*** Exercise data Section Begins ***

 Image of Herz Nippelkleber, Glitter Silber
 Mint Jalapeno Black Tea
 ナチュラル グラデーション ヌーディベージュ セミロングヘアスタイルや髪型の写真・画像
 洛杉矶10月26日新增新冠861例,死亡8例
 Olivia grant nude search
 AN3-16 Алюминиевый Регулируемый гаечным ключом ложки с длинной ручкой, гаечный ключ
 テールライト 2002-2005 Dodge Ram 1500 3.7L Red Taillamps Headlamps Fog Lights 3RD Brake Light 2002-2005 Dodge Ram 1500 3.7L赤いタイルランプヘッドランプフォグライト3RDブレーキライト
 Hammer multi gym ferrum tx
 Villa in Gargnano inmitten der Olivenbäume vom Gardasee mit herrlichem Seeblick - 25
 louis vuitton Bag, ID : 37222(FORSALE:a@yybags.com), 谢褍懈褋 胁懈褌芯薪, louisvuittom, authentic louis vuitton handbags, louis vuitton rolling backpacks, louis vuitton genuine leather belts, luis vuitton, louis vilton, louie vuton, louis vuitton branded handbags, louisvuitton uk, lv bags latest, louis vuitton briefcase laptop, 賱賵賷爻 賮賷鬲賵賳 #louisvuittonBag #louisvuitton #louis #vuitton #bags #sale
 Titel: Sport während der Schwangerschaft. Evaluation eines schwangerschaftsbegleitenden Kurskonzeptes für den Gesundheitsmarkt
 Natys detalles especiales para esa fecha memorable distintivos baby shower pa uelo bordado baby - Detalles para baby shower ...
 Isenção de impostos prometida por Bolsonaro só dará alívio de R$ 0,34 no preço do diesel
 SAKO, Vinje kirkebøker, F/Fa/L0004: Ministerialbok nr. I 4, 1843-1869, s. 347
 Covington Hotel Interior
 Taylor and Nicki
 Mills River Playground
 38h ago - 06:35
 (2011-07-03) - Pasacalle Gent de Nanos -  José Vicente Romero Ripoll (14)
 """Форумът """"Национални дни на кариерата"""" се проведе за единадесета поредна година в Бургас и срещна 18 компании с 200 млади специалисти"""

*** Exercise data Section Ends ***

- **What you need to do**: Please return, exactly as written, the line containing "Mills River Playground" and every line after it through the end of the records above, and nothing else.

- **Output below**:
 Mills River Playground
 38h ago - 06:35
 (2011-07-03) - Pasacalle Gent de Nanos -  José Vicente Romero Ripoll (14)
 """Форумът """"Национални дни на кариерата"""" се проведе за единадесета поредна година в Бургас и срещна 18 компании с 200 млади специалисти"""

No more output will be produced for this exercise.